A system on a chip (SOC) for supporting multiple display screens includes a microprocessor controller module and an e-book display screen controller module, wherein, the e-book display screen controller module includes at least two e-book display screen controllers for controlling an e-book display screen (EPD) panels in different modes.

Description

BACKGROUND

Exemplary embodiments of inventive concept relate to a SOC (system on a Chip), and more particularly, to a SOC for supporting multiple display screens and configuration method thereof.

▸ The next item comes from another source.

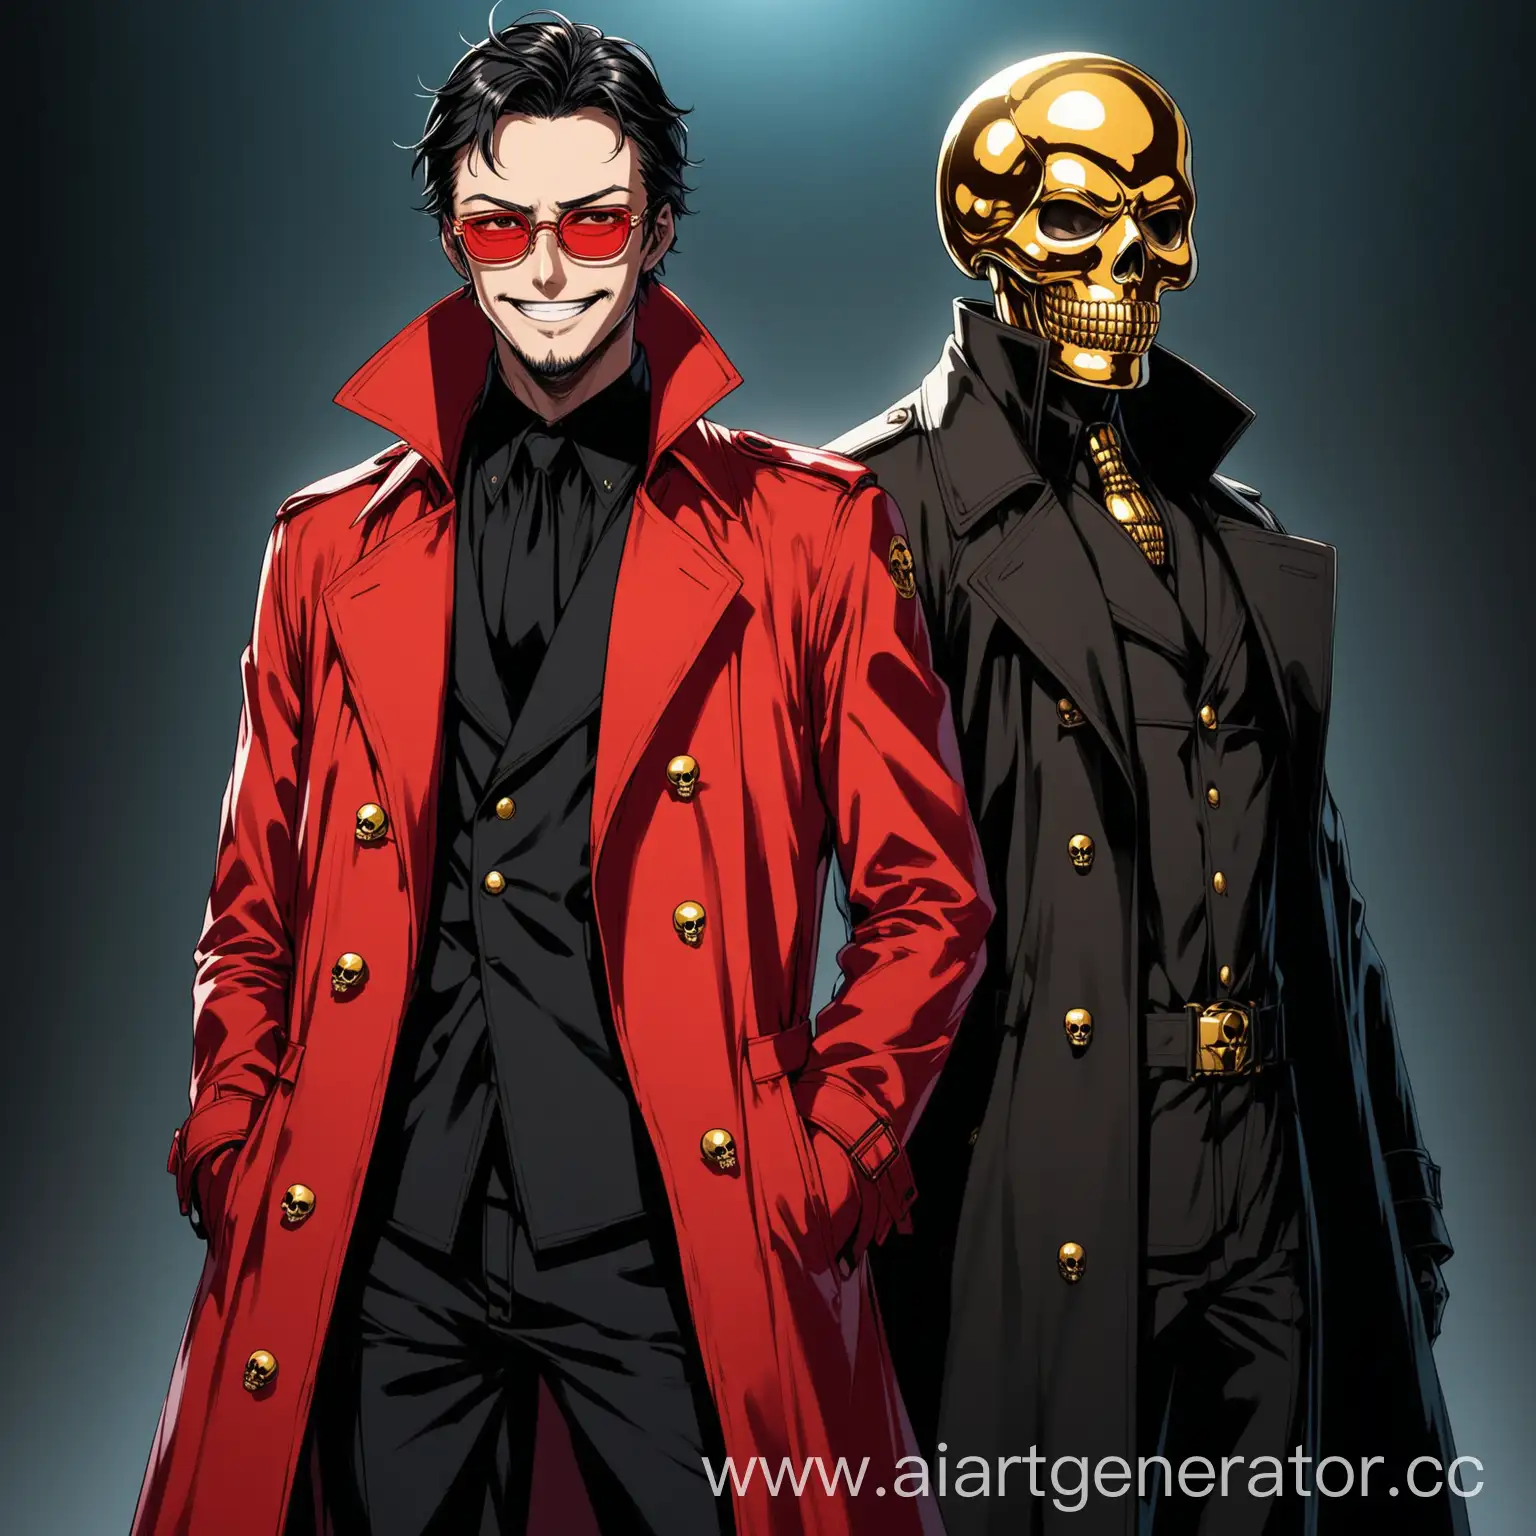 Аниме(Оскар-человек в черном пальто и золотой маске черепа) и Рик(человек в алом пальто и алых очках,безумная улыбка), стоят рядом, высокая детализация, высокое разрешение, HD качество, загадочно

The mainly used display screen of the current e-book (also referred to as “electronic paper book”) is an E-Ink screen. The E-Ink is generally referred to as “electronic ink technology” (electrophoretic e-paper), and the electronic paper of the E-Ink is consisted of electronic ink and two substrates. The substrate is coated with the electronic ink which is consisted of numerous small transparent particles, and the diameter of the particles is only one half of the diameter of the human hair. As long as adjusting the color of the micro-particles and the dye in the particles, the electronic ink will be able to show color and pattern. When such an electronic ink is applied to paper, cloth or other plane objects, as long as the electronic ink is electric shocked properly, it will be enabled hundreds of millions of particles to change color, thereby the pattern and characters will be changed constantly according to the designer/user's settings. The E-Ink screen has the characteristic of low power consumption and faster refresh.

SUMMARY

Exemplary embodiments of the inventive concept provide a SOC for supporting multiple display screens and a configuration method thereof.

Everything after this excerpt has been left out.